- _Activity_:
Give the data again word for word; drop the pictures.

- _Information shown_:
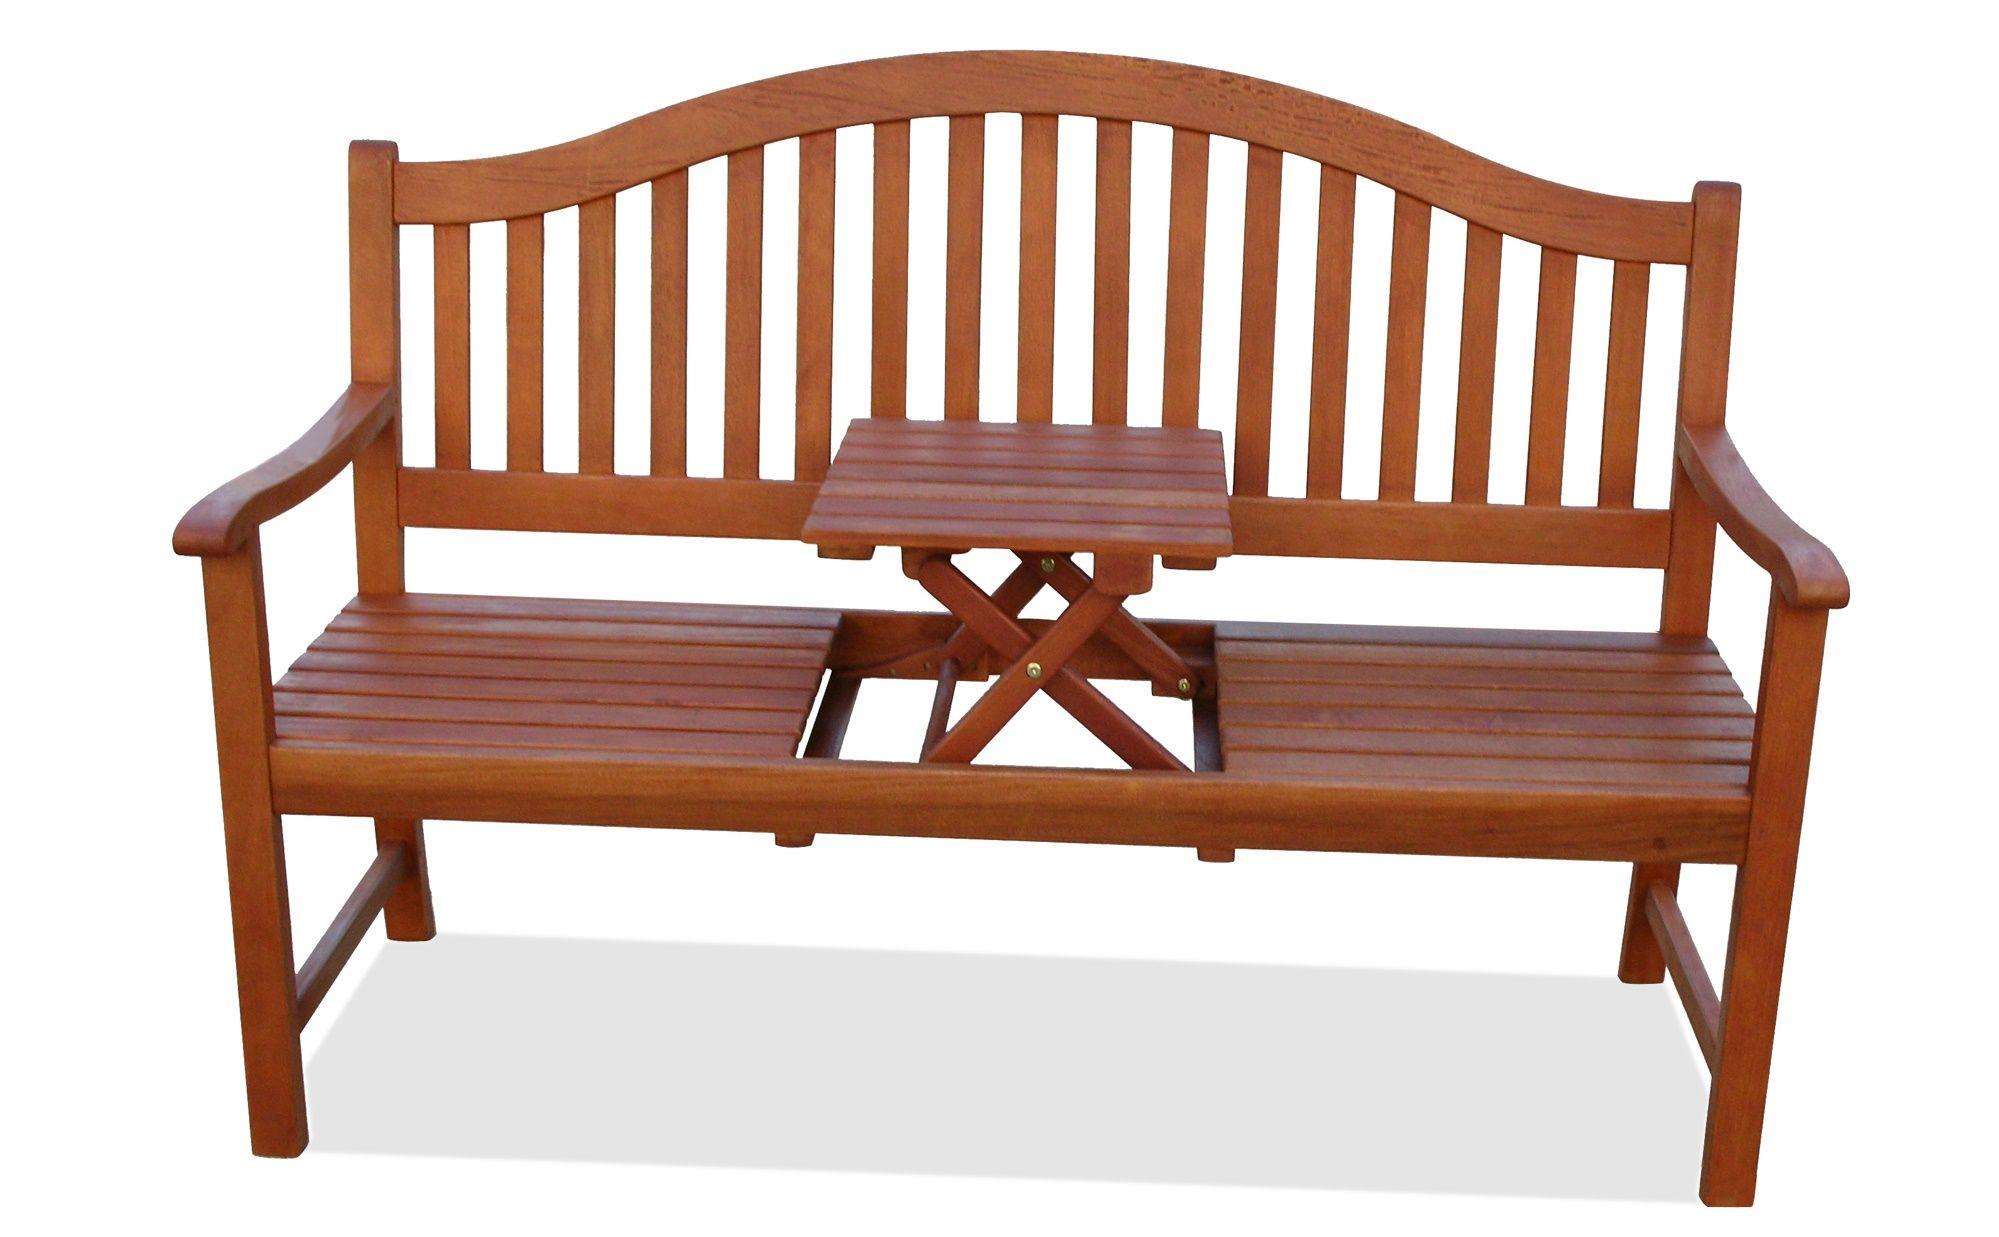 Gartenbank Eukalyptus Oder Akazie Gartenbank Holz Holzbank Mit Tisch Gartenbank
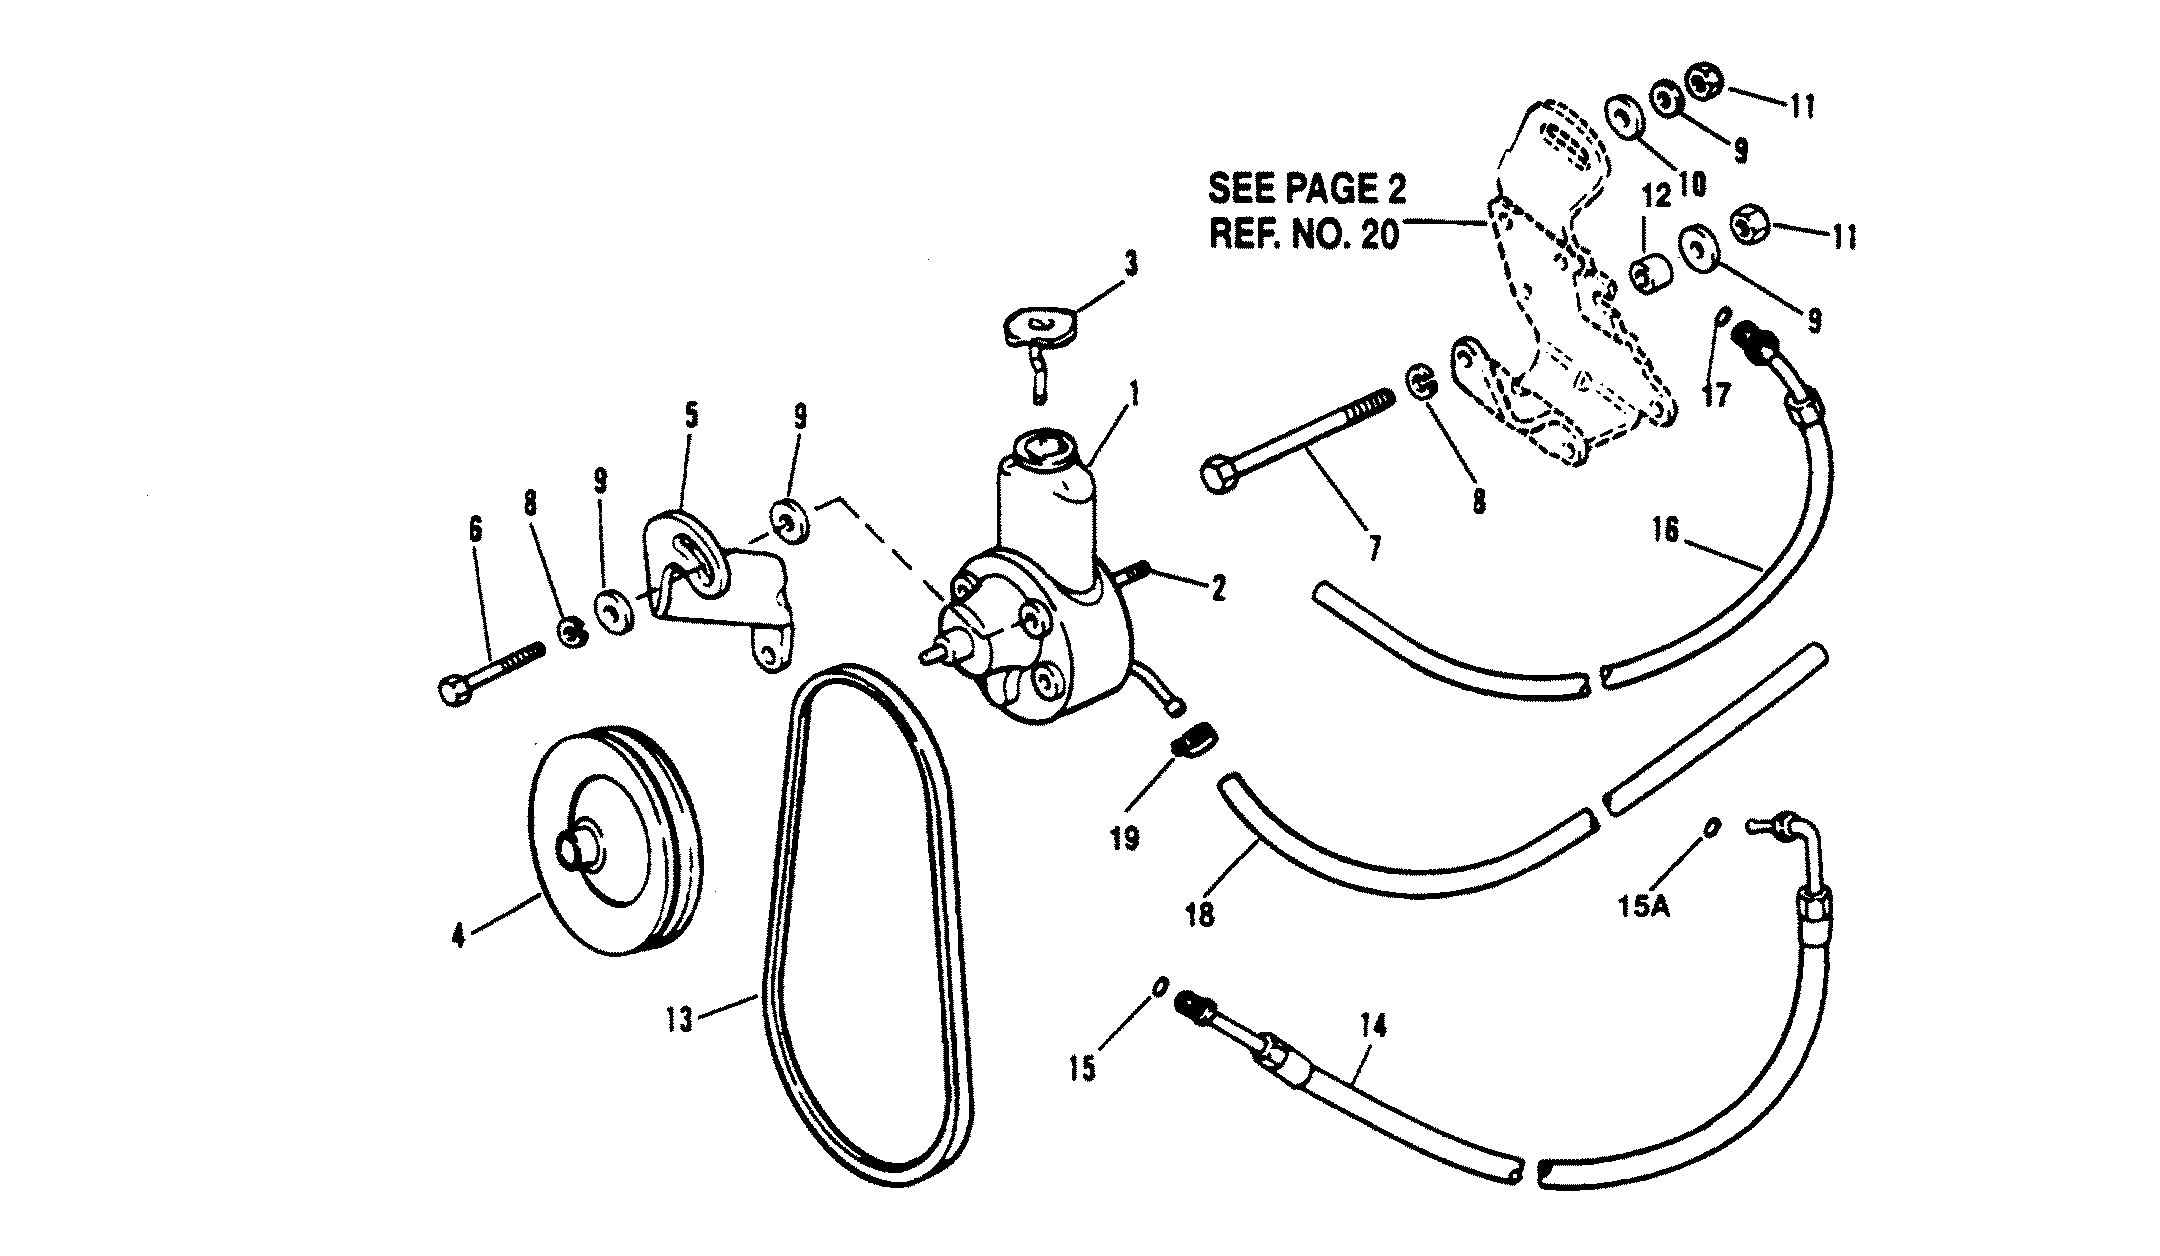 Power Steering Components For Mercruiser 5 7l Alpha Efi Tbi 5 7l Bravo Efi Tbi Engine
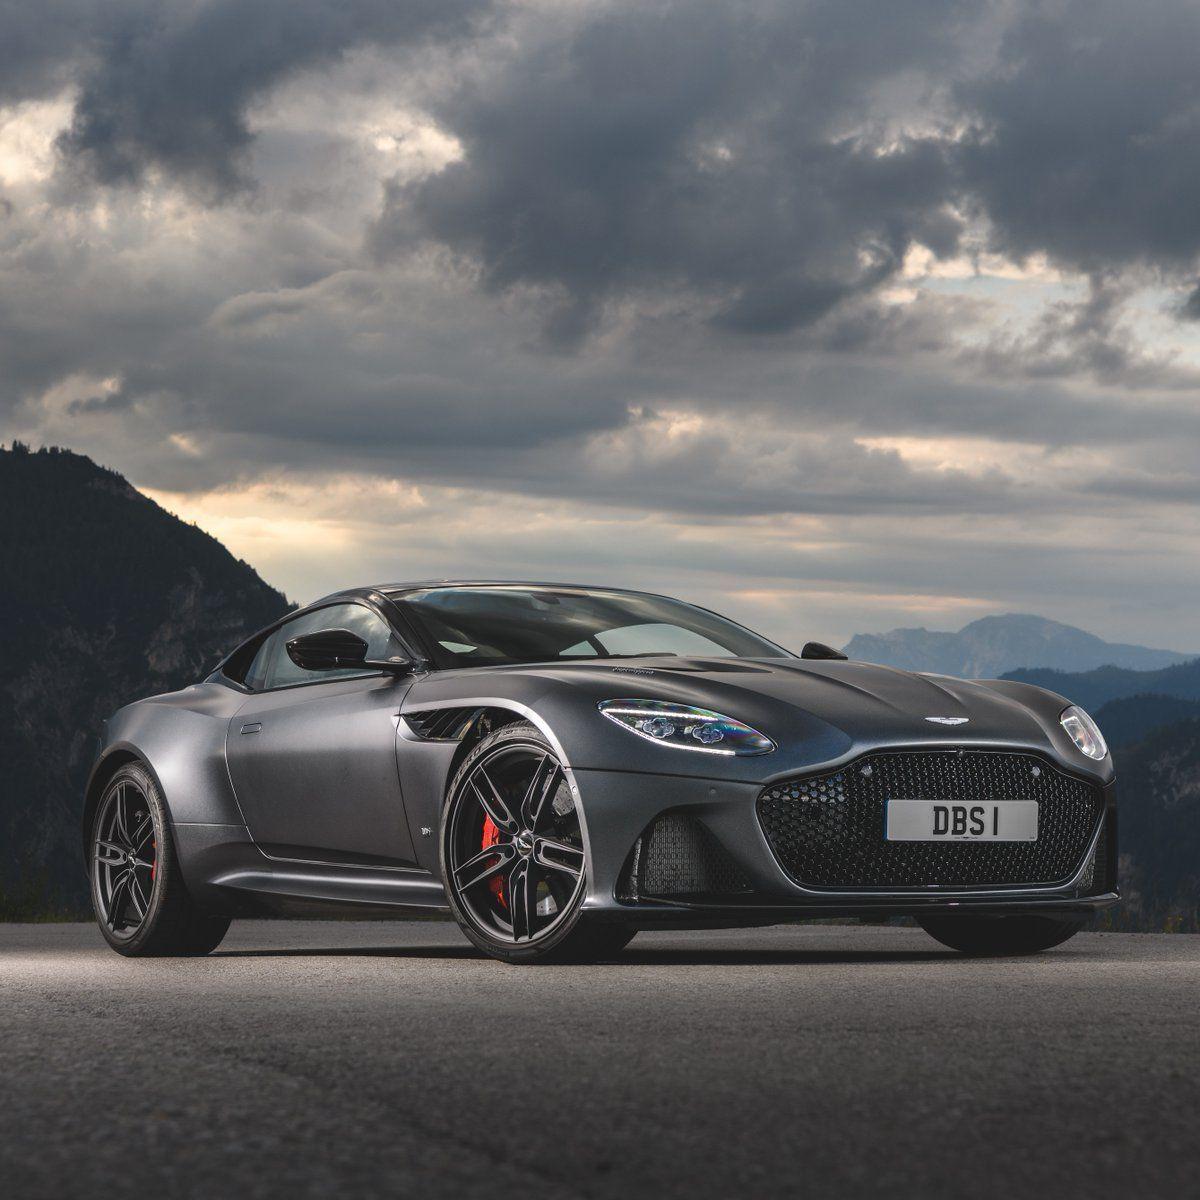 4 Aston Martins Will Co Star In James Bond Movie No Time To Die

- _Exercise response_:
 Gartenbank Eukalyptus Oder Akazie Gartenbank Holz Holzbank Mit Tisch Gartenbank
 Power Steering Components For Mercruiser 5 7l Alpha Efi Tbi 5 7l Bravo Efi Tbi Engine
 4 Aston Martins Will Co Star In James Bond Movie No Time To Die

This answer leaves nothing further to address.